# Learn2groomdogs.com



## pgr8dnlvr (Aug 7, 2011)

Hi there, has anyone tried doing a membership on learn2groomdogs.com?

I really want to take my time and try to learn as much as I can before trying to take that fatefull first cut on my girl Lucy.

I wonder if you are a member with their site, is there any way to save one of the videos so I can review it over and over, or is it only for the actual membership times that you can view the videos?

Does anyone else here have a recommendation for a video that will show me every aspect of grooming a poodle into a puppy clip? I can't find anywhere showing me exactly how to do the bubble or even attempt a spray up. I don't really want to do the spraying, but I'd really like to learn the technique for fun and personal interest. 

Thanks!

Rebecca


----------



## tokipoke (Sep 3, 2011)

I don't have a membership to that site, but I have heard good things about it. I think I will join one day! They have some great videos on there.

If you are looking just for poodle grooming, you can try the Jodi Murphy DVDs. She has a poodle one that covers two trims and three head styles. But it sounds like she goes over a lamb trim and the Miami. The DVD is $34.95 https://jodimurphy.net/shop/volume-13-poodle/ 

Les Poochs has a DVD set (3 hours, 2 volumes) all about poodles. I think it covers a pet puppy, show puppy, and continental trims. It also shows you how to do spray ups. It is pricey at $189.95, but I have heard very good things about it. Les Poochs Fragrances - GROOMING VIDEOS

Good luck with the grooming!


----------



## tokipoke (Sep 3, 2011)

There's also the Super Styling Sessions with Sue and Jay. They have a DVD on poodles, but I think they are pet trims. The DVD costs $74.95 on PetEdge. Super Styling Sessions DVD | PetEdge.com - Here is their actual website: Super Styling Sessions || Instructional DVD's || The Poodle (5 minute clip of the DVD on this site)

You can also find other grooming DVDs on PetEdge: Search Results | PetEdge.com - you can buy a whole set of various breeds, or pick the breeds you want to learn about.


----------



## pgr8dnlvr (Aug 7, 2011)

I sure appreciate your advice toki, but I'm wondering if there's any more word on this site or others like it? I've called my groomer friend a few times in the last month as I'm getting anxious to tidy up Lucy, but it seems he's pretty darn busy. Yay for him, boo for me!  

Not wanting to be a bother, and not wanting to have someone else groom Lucy without me present (I want each grooming experience to be a learning one for me) I am chomping at the bit to perhaps try some clipping myself. 

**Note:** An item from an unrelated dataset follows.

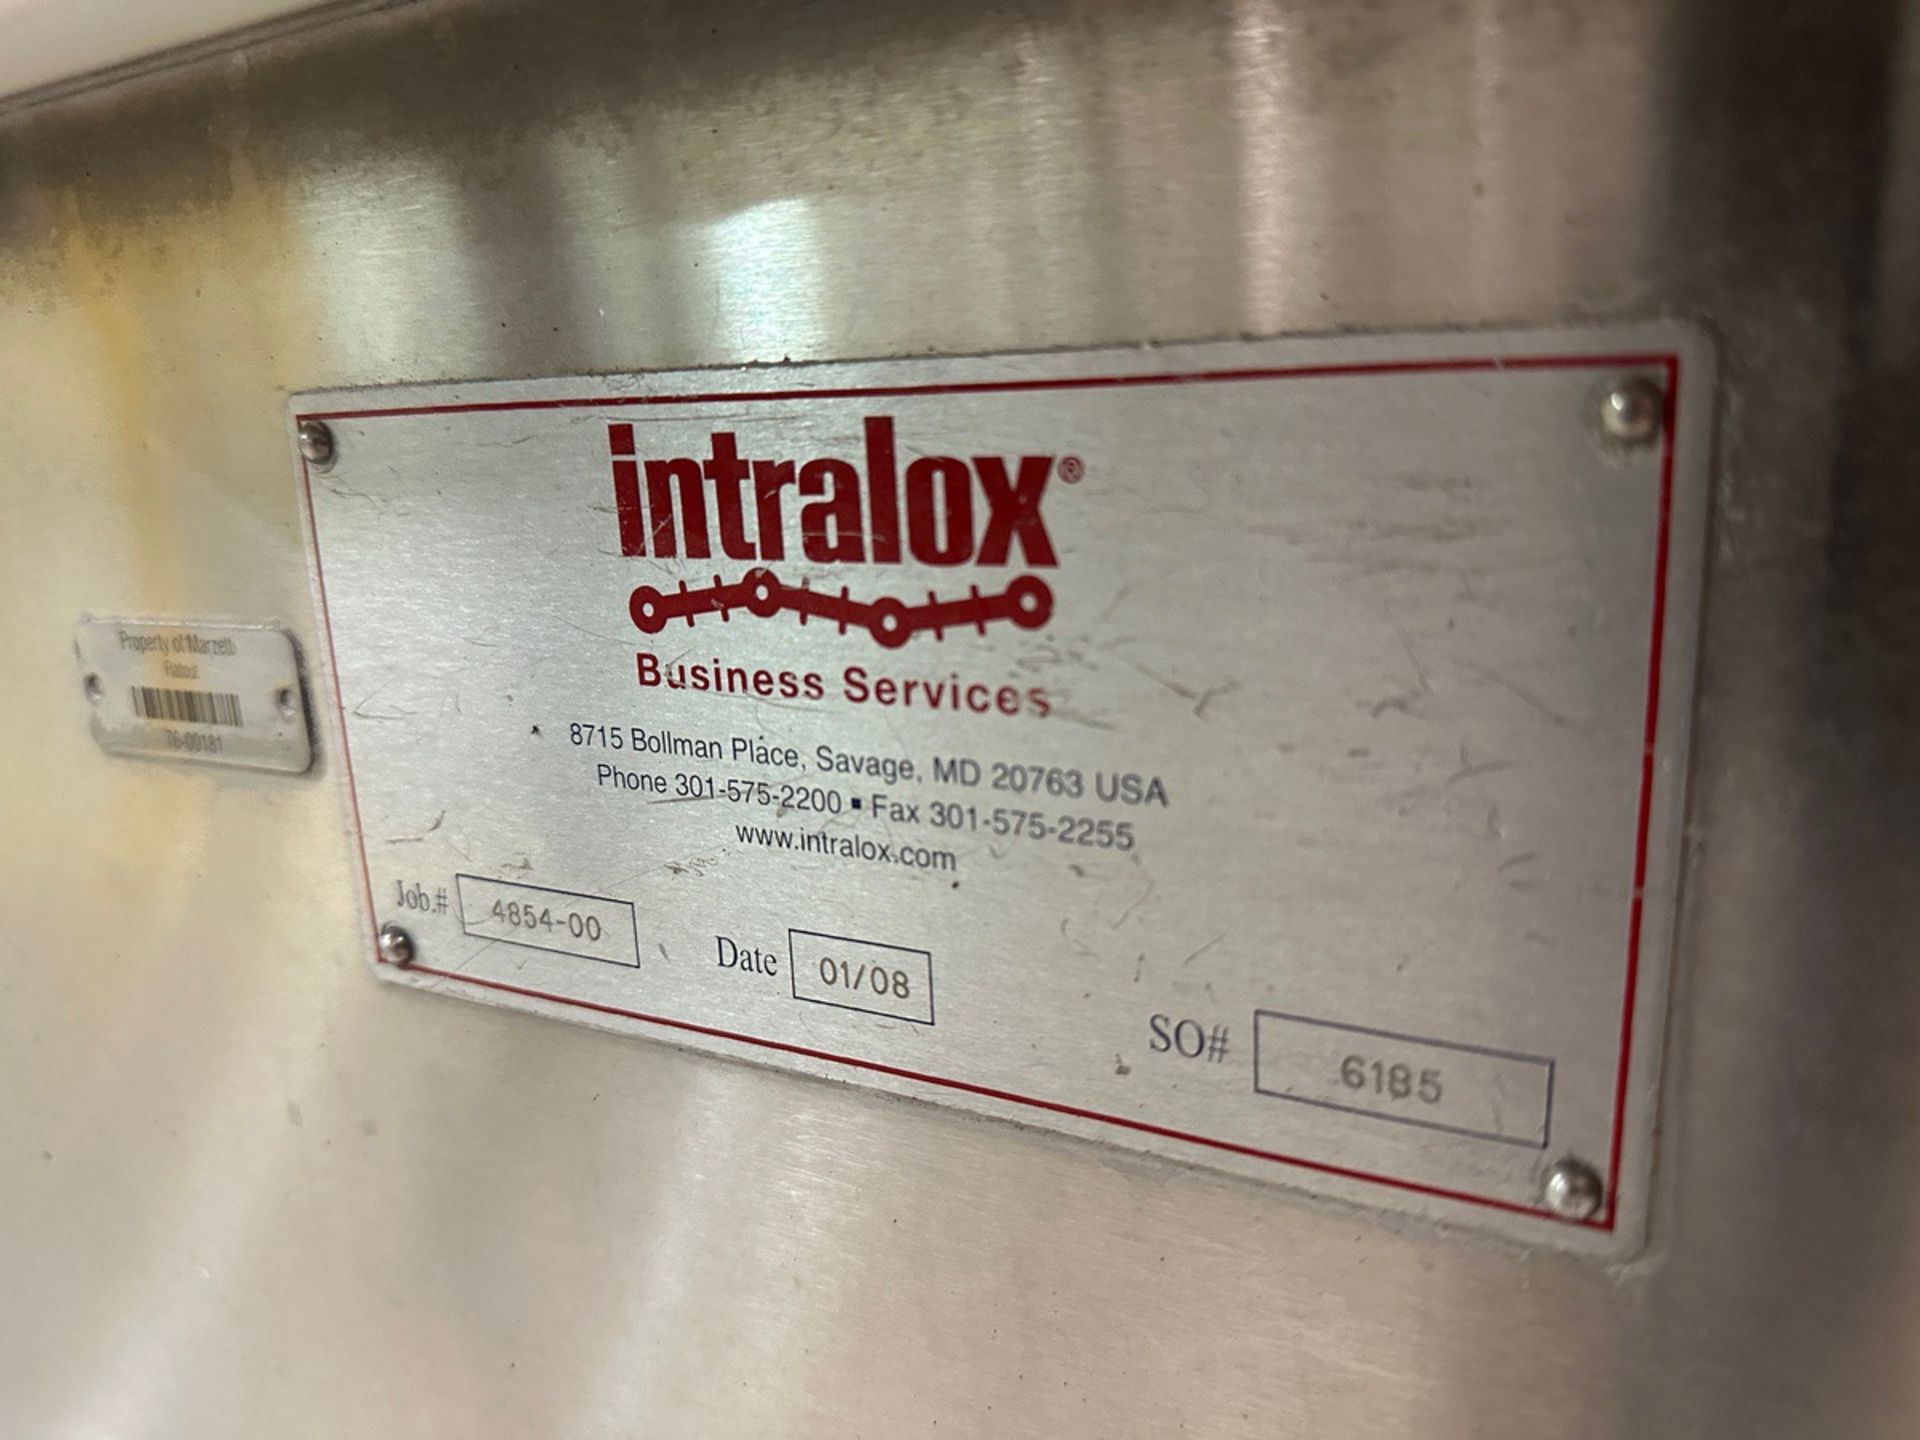 Intralox Multi-Directional Roller Conveyor over Stainless Steel Frame (Approx. 40" | Rig Fee $300 - Image 2 of 2

I sure hope I don't really mess things up, but heck, if poodle hair really grows a half inch a month, and time keeps flying like it does, perhaps my groomer friend will be able to make her look presentable again in 6 or 7 months?!? Lol 

Anywho, perhaps the site is run in such a way I can go halvers with someone and share a membership for a while...

Rebecca


----------



## pgr8dnlvr (Aug 7, 2011)

Wow Toki! Wishing I had taken heed of you a little earlier! Those super styling session dvd's may also be just what I want . THX!

Rebecca


----------



## tokipoke (Sep 3, 2011)

Go to learn2groomdogs website and enter the code FACE2012. You get one month free! I'm not sure how long this will last. You can try it for a month and cancel if you don't like it (make sure you cancel because you still have to enter your credit card information for the free month).


----------



## pgr8dnlvr (Aug 7, 2011)

Well, I had already paid BEFORE you put up that post  

I put in a call to their customer service though, and left a message with my my concerns, hoping to get a kickback of some sort. The lady said she would have my call returned by tomorrow and almost as soon as I hung up BAM they called back. They voided the charge that hadn't even been posted yet, so I've got my free month!

Happy Birthday to me! 

Have you still not tried the site Toki?

THANKS A MILLION! Like a birthday present for me! YAY! Now if only I could get the "groomers helper" set, along with a shear set of some sort I'd be ON MY WAY!!!

Rebecca


----------



## Ms Stella (Aug 16, 2010)

I have the continental super styling video. I really like it.


----------



## tokipoke (Sep 3, 2011)

Glad to hear it worked out for you!! I recently signed up. Only watched two videos so far. Still trying to catch up on all of my Jodi Murphy DVDs.


----------